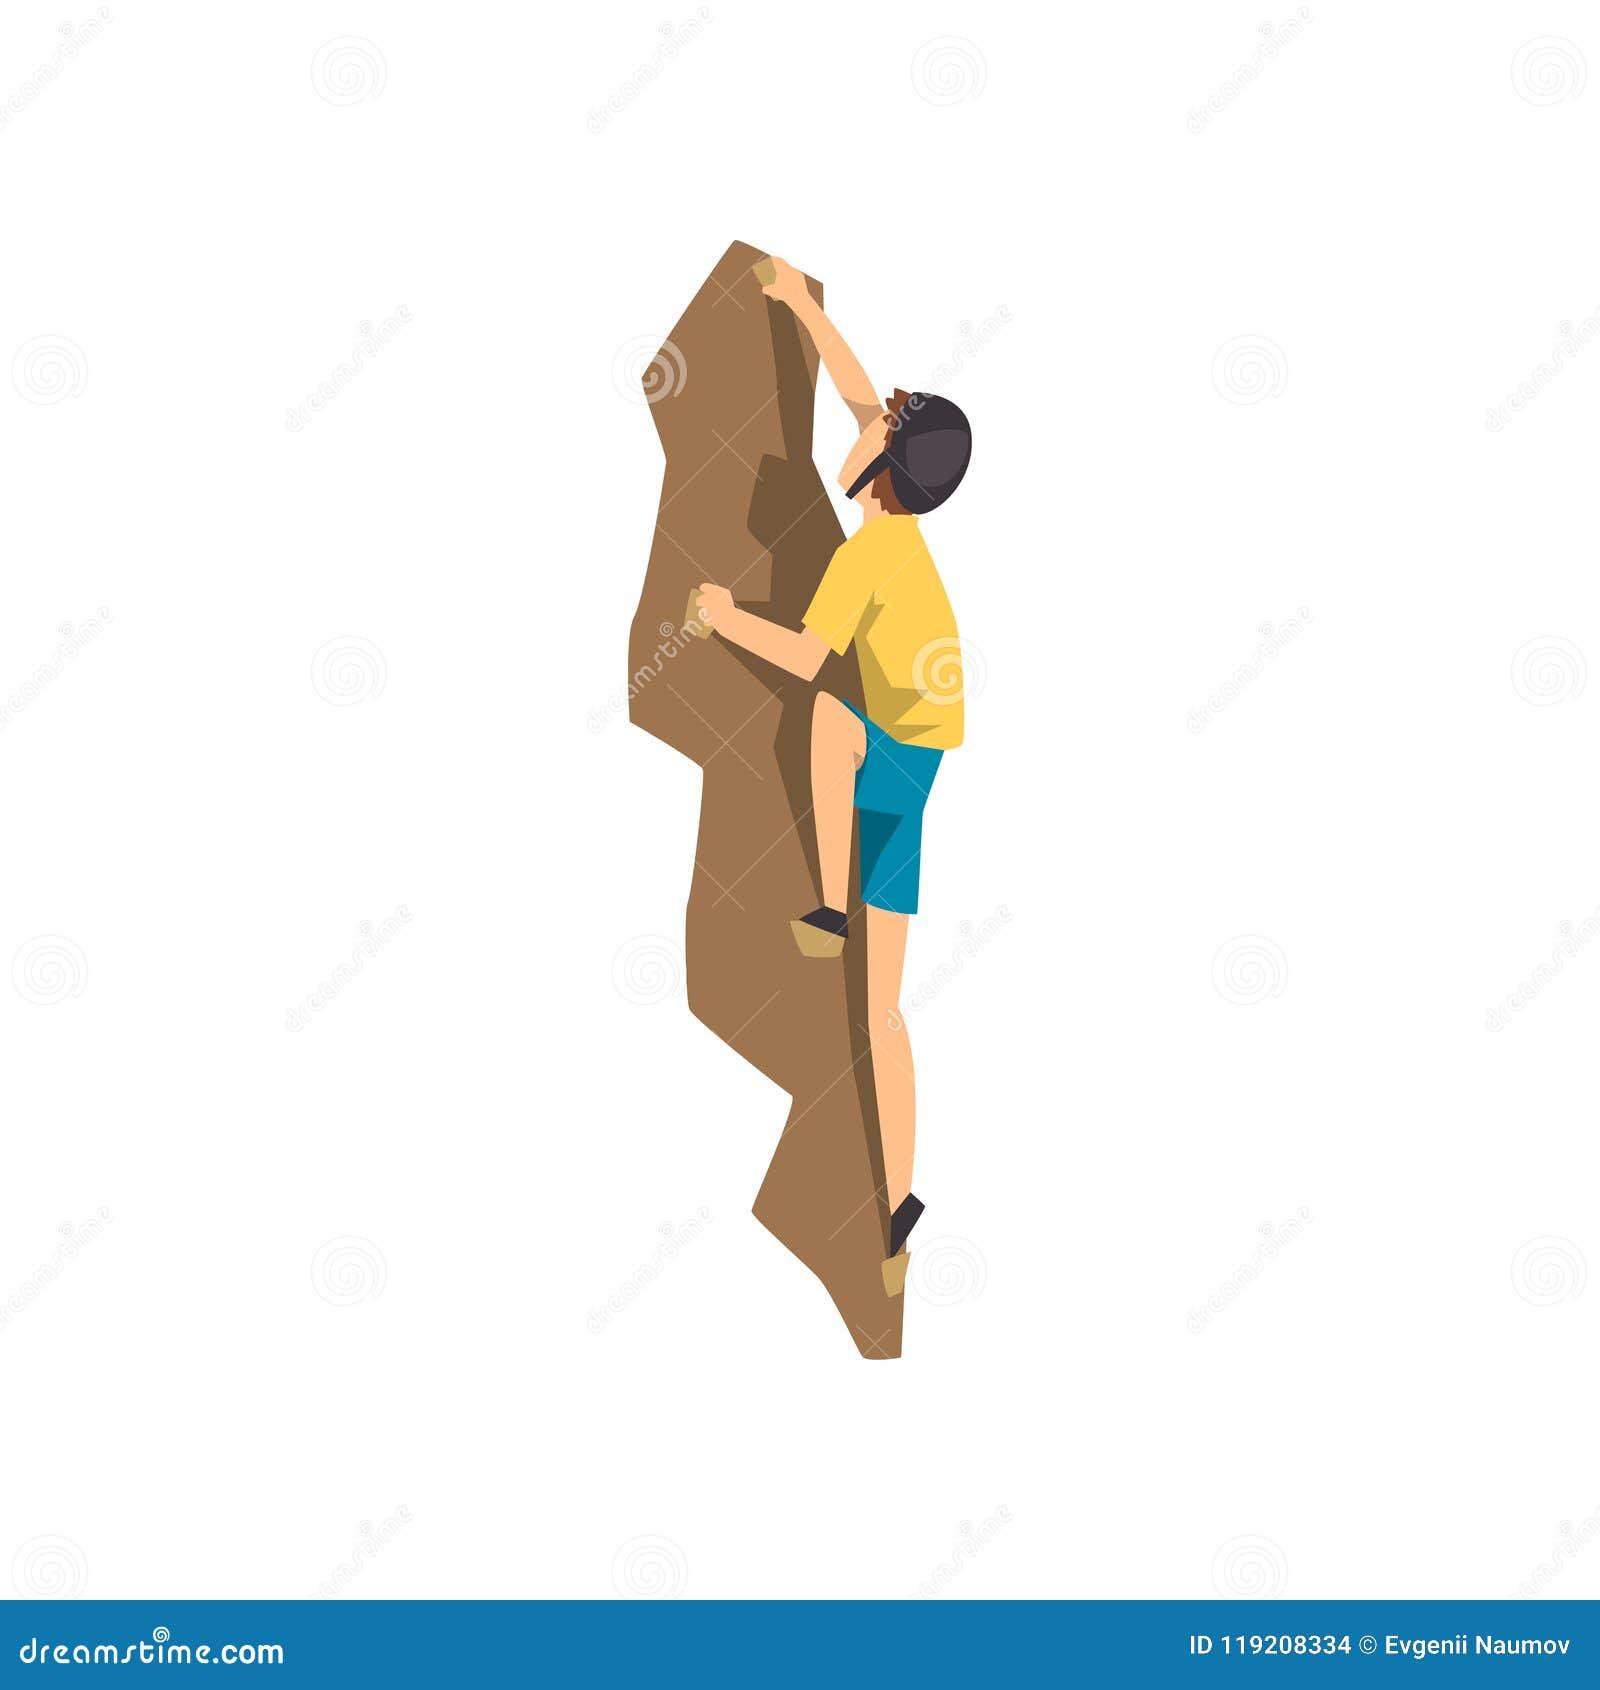 O montanhista na parede de escalada da rocha do capacete protetor, o esporte extremo e o conceito da atividade de lazer vector a
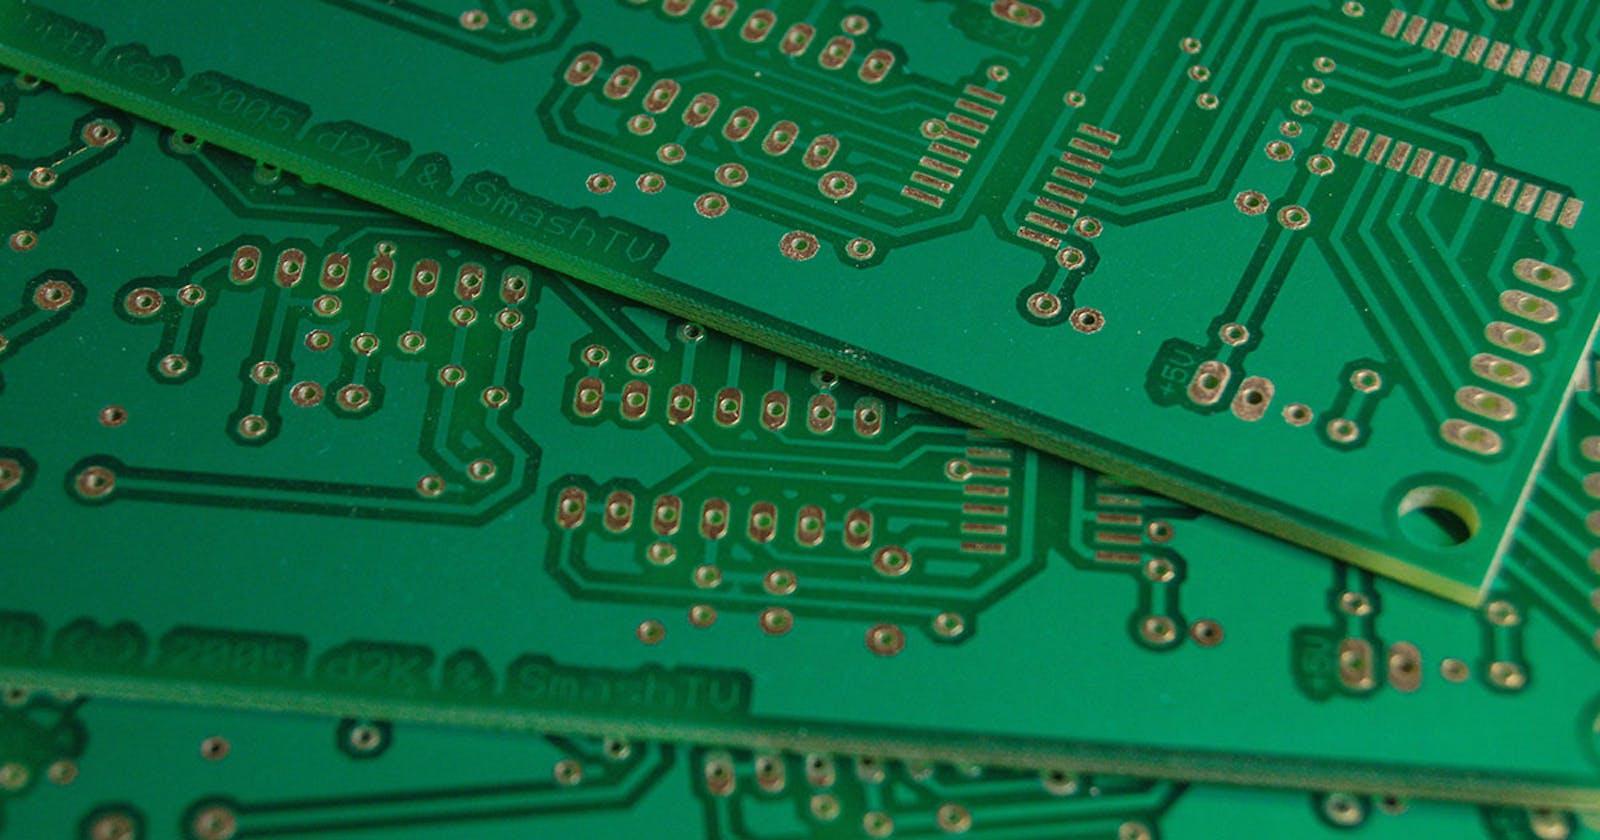 DIY PCB Board Production
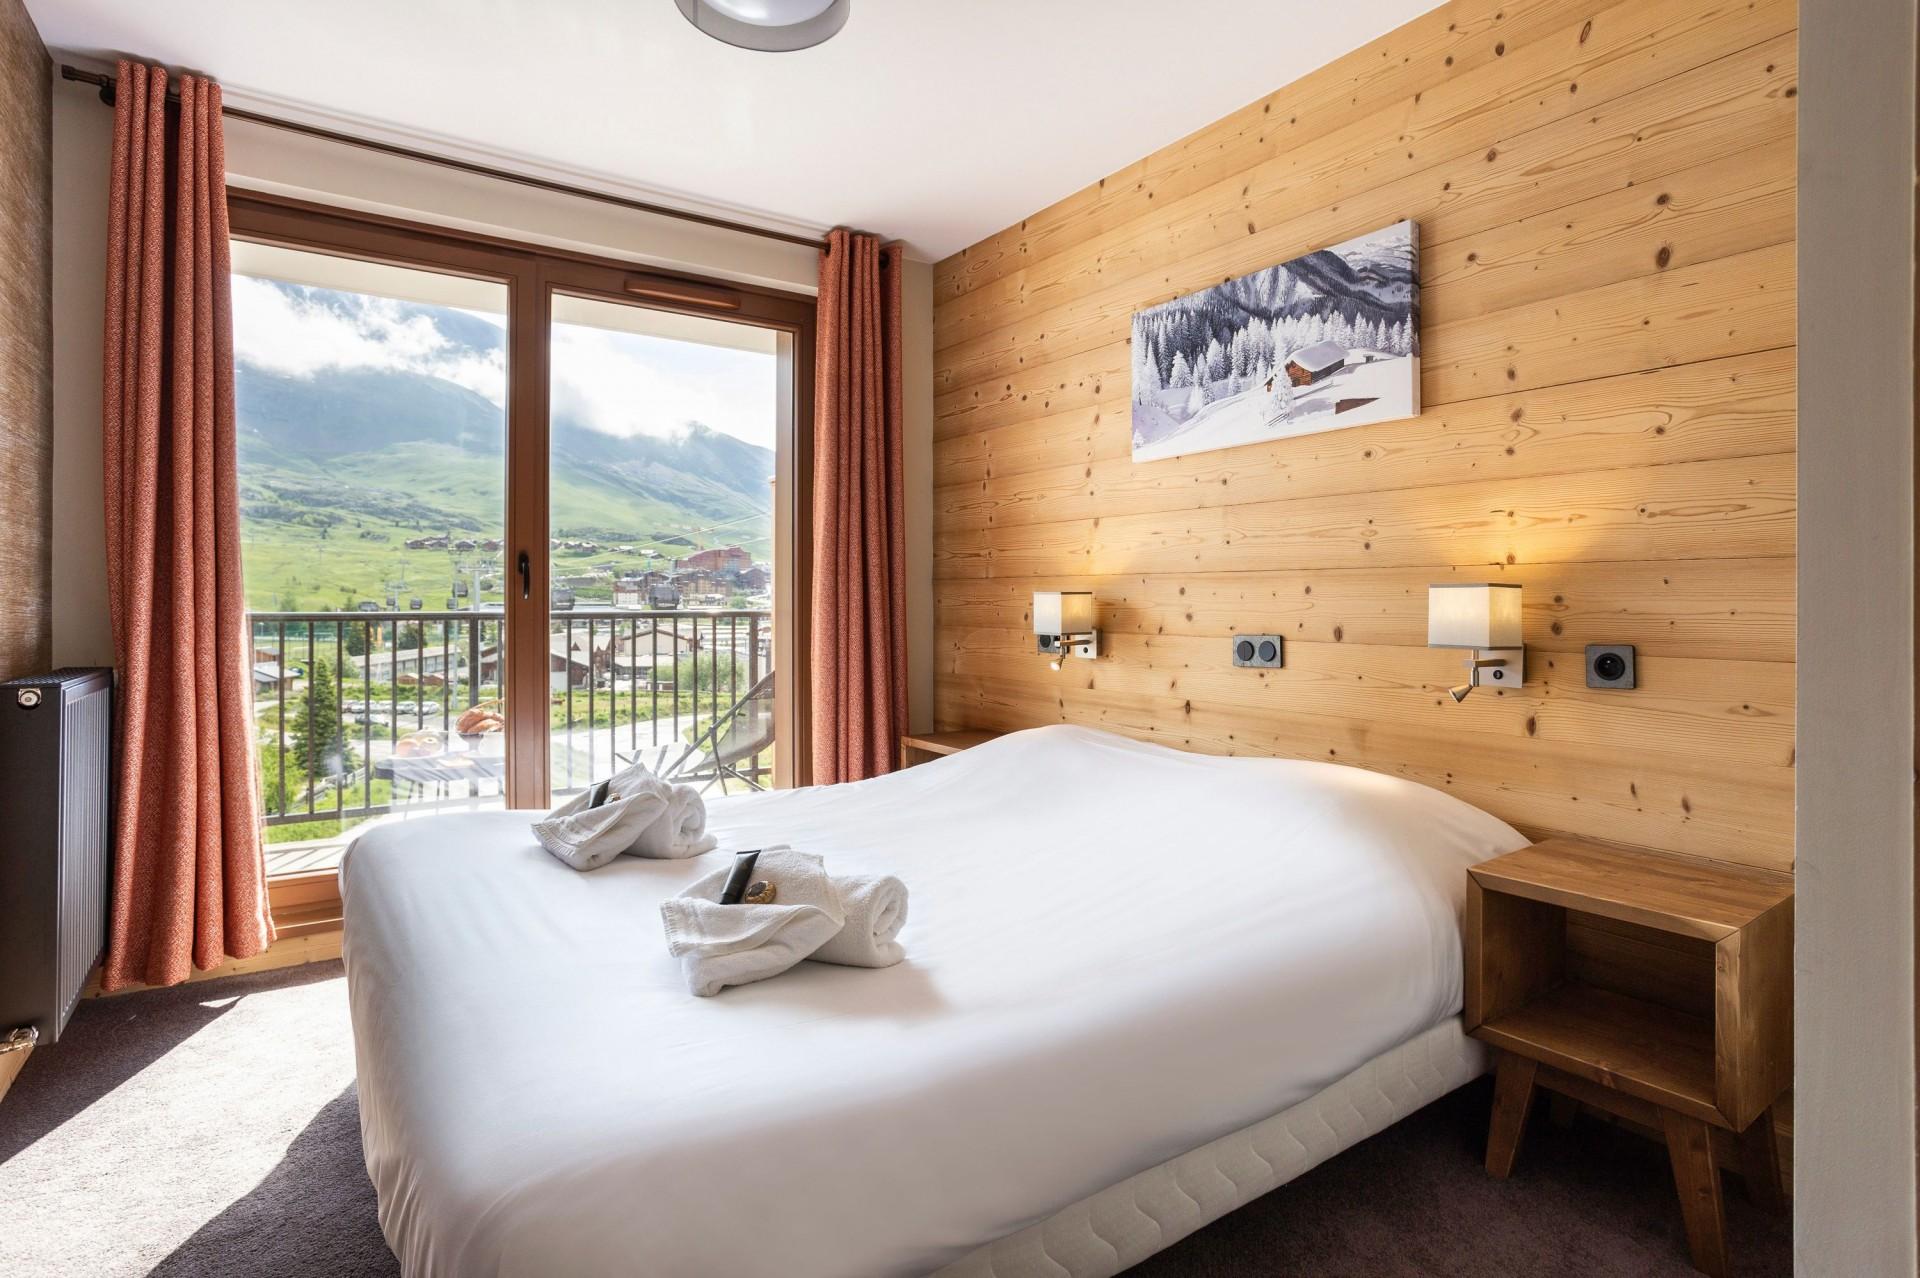 alpe-d-huez-location-appartement-luxe-amare

☆ ☆ ☆ ☆

PROBLEM REQUIREMENTS >>
With the pictures omitted, reproduce the data above exactly.

YOUR RESPONSE >>
 O montanhista na parede de escalada da rocha do capacete protetor, o esporte extremo e o conceito da atividade de lazer vector a
 DIY PCB Board Production
 alpe-d-huez-location-appartement-luxe-amare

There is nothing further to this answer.